## THE DATA
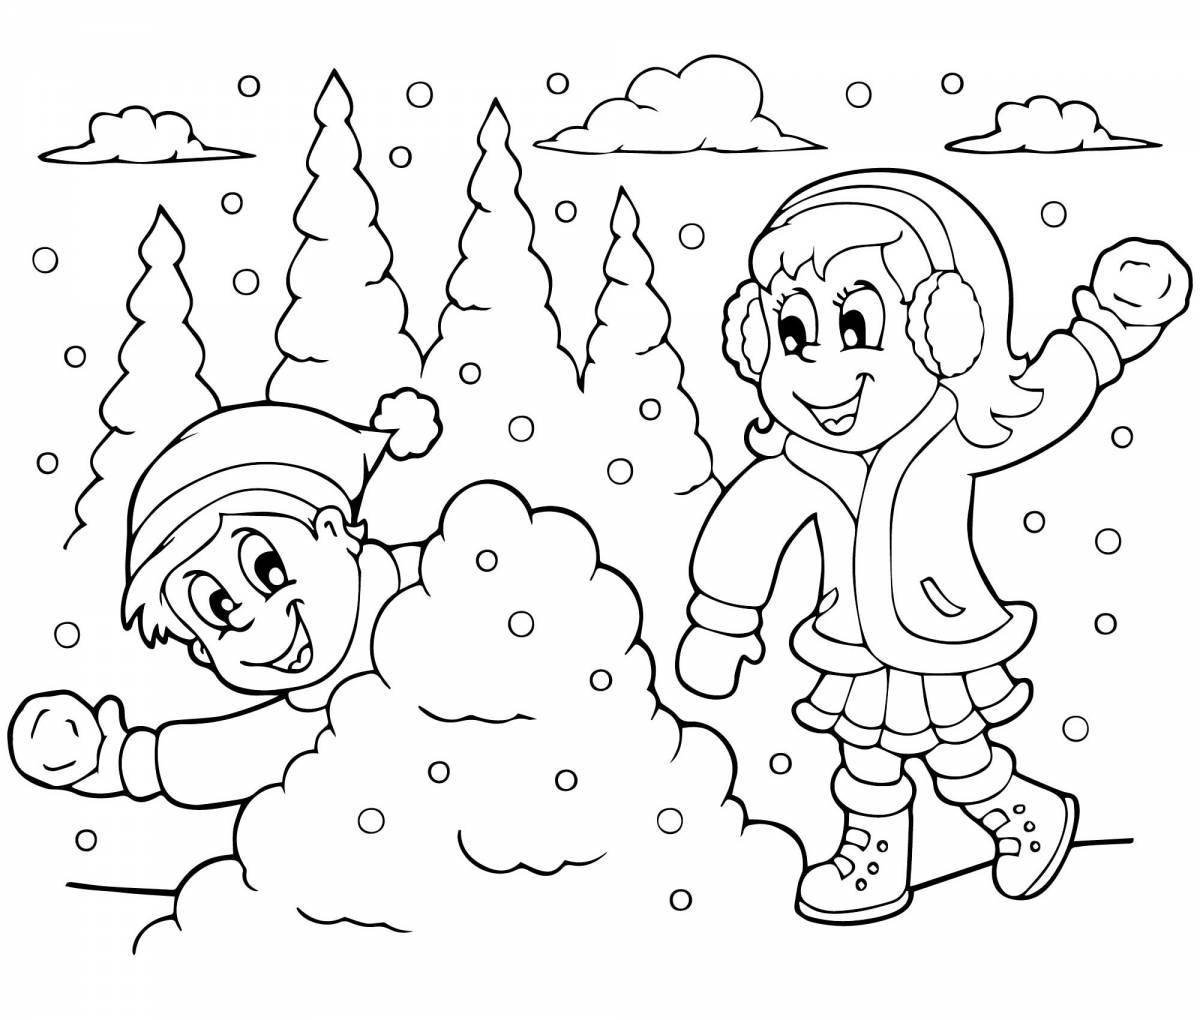 Whimsical winter coloring book for kids 6-7 years old
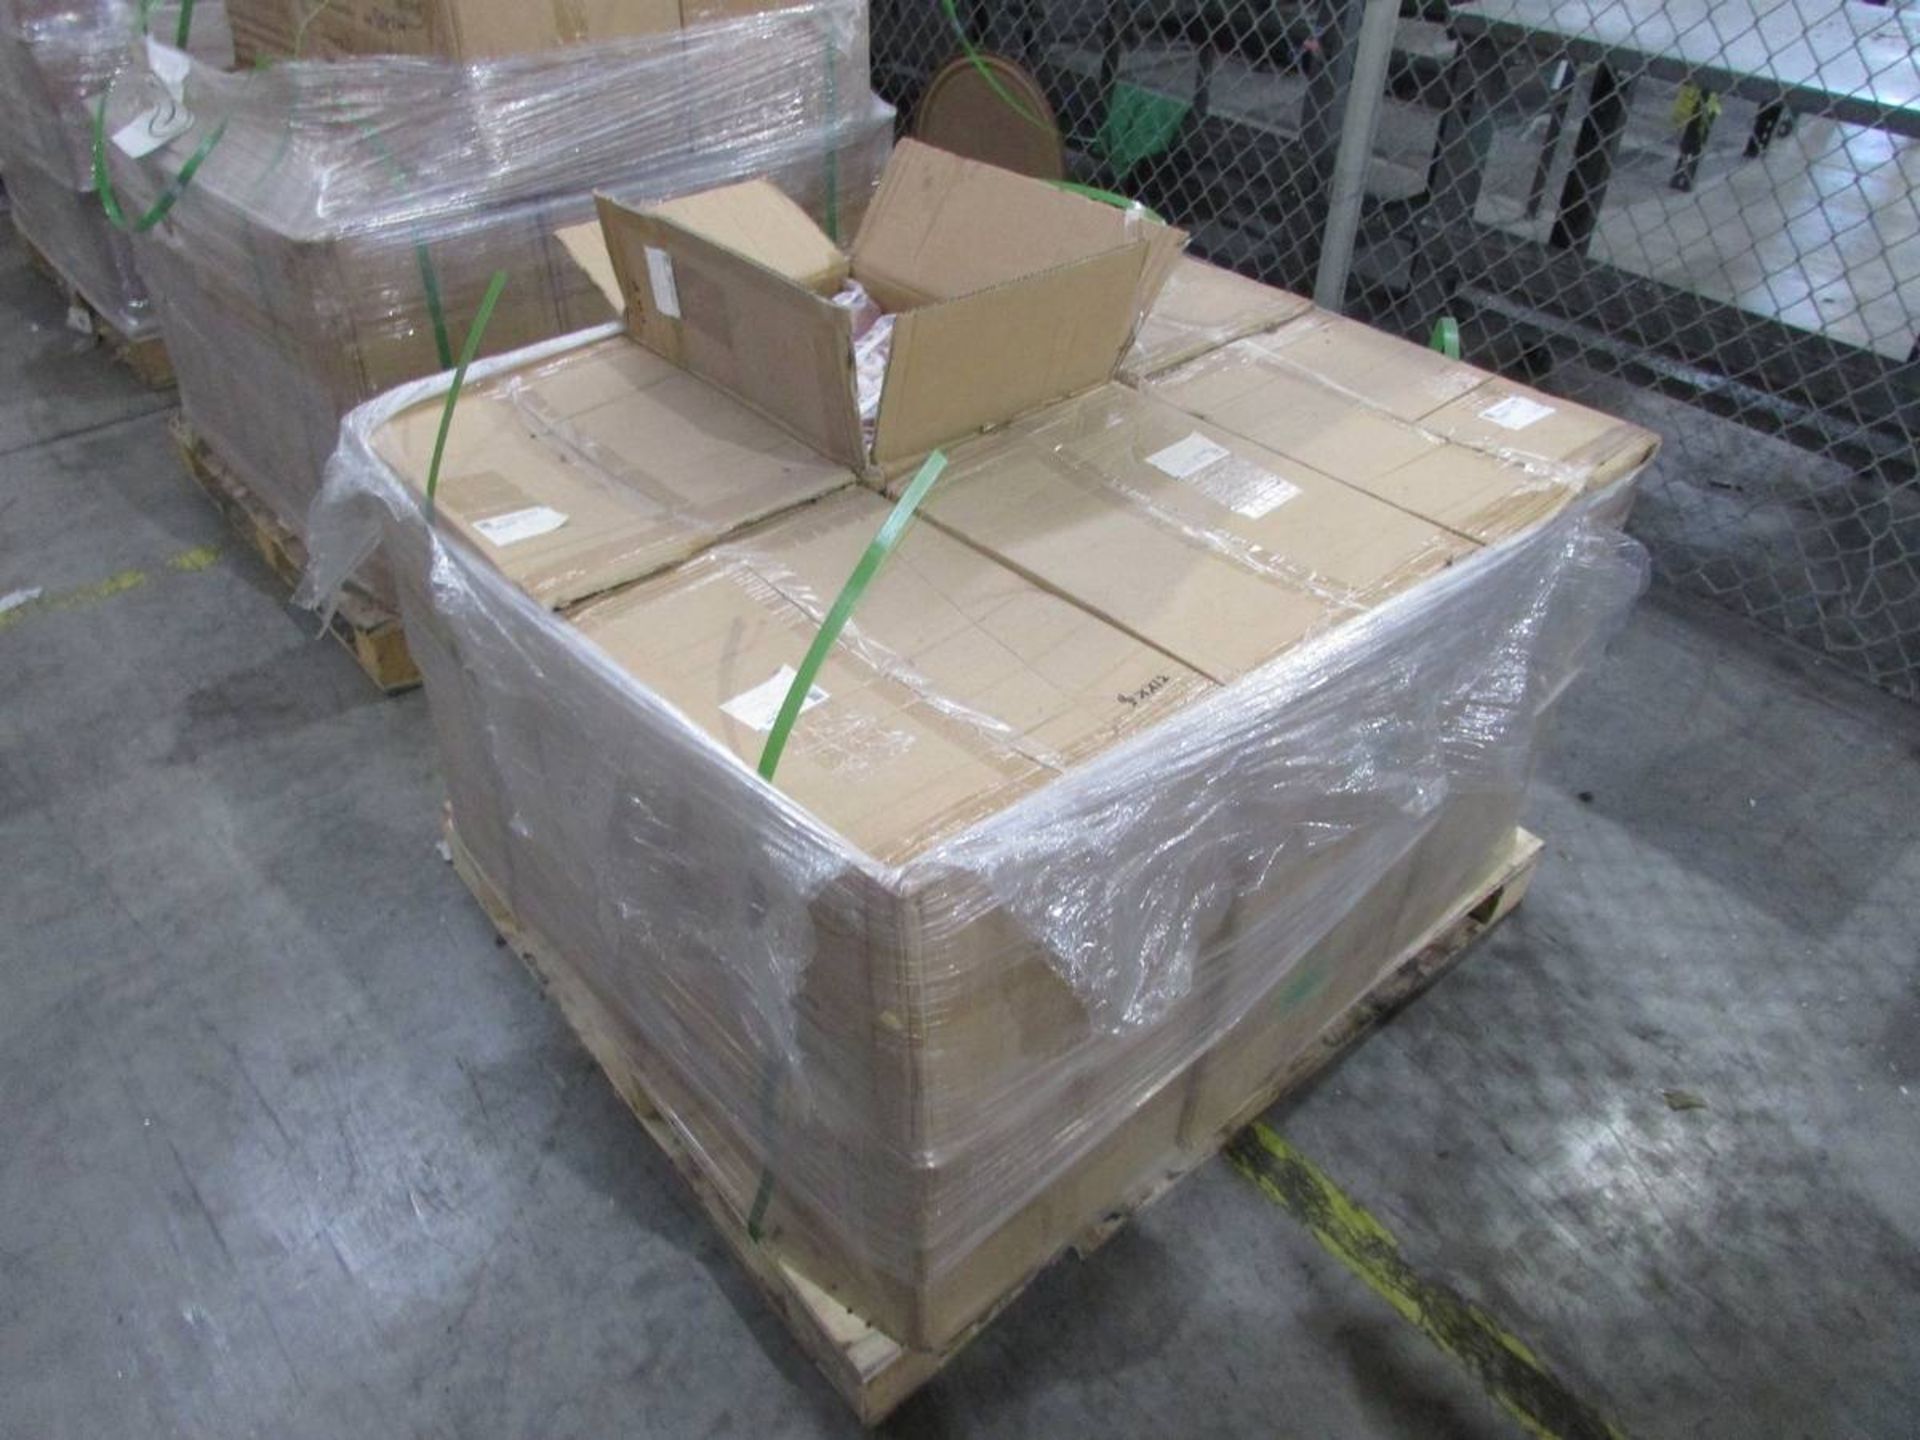 Suzhou Noble Industrial Supply 31XX-3400 Pallets of Screen Filters - Image 5 of 8
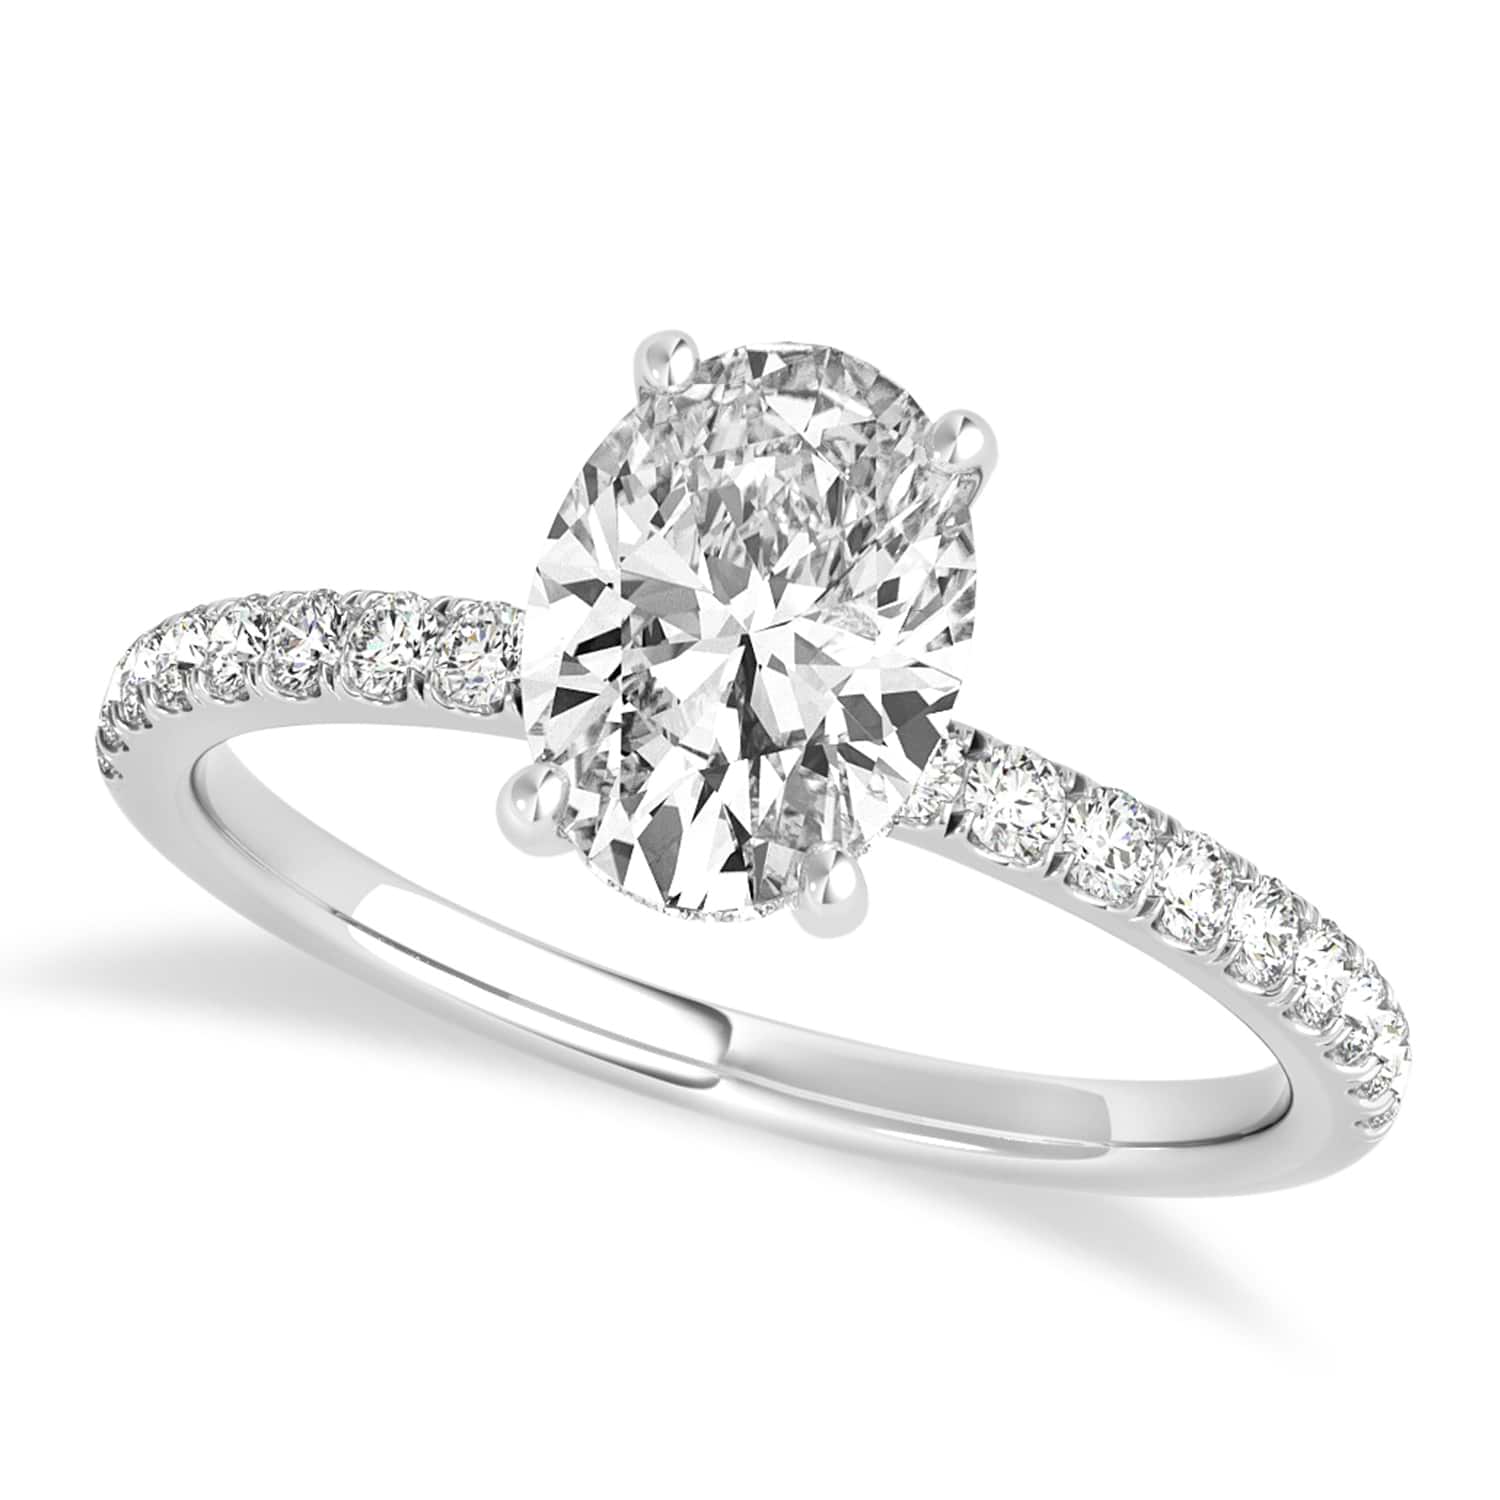 Oval Lab Grown Diamond Single Row Hidden Halo Engagement Ring 18k White Gold (0.68ct)
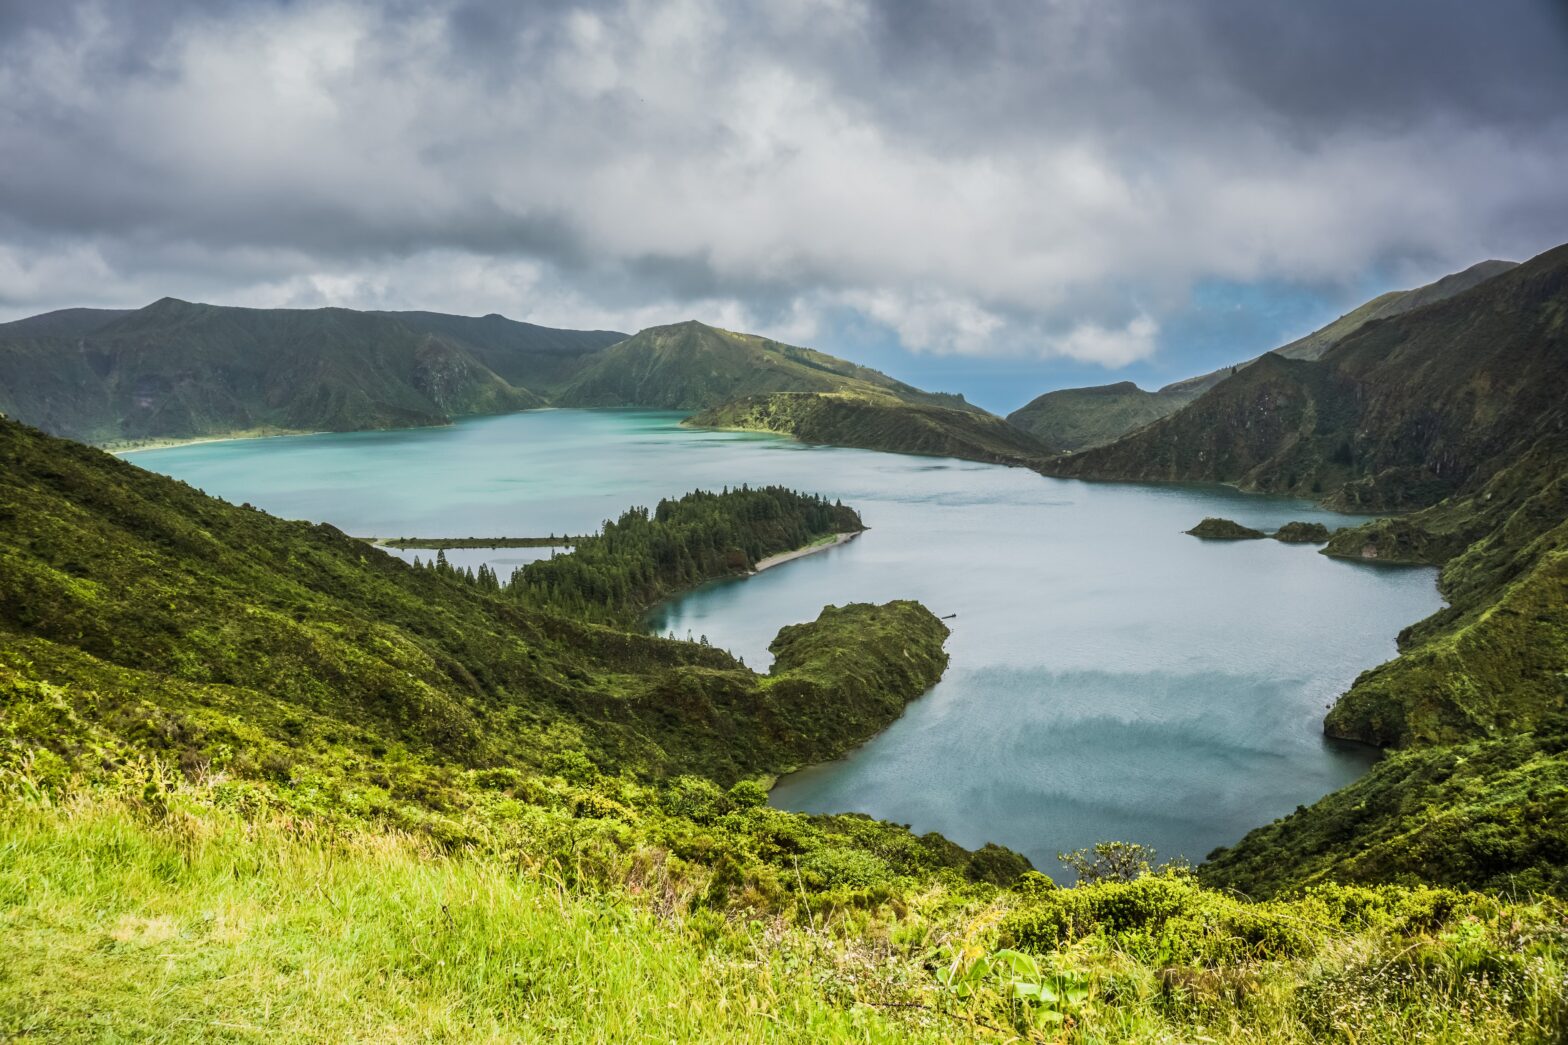 Have You Heard Of The Azores Islands?

## WORK REQUEST
Please copy exactly, and only, the lines from the one that contains "Suzhou Noble Industrial" through the last line of the data above, omitting all pictures.

## SOLUTION BELOW
 Suzhou Noble Industrial Supply 31XX-3400 Pallets of Screen Filters - Image 5 of 8
 Oval Lab Grown Diamond Single Row Hidden Halo Engagement Ring 18k White Gold (0.68ct)
 Have You Heard Of The Azores Islands?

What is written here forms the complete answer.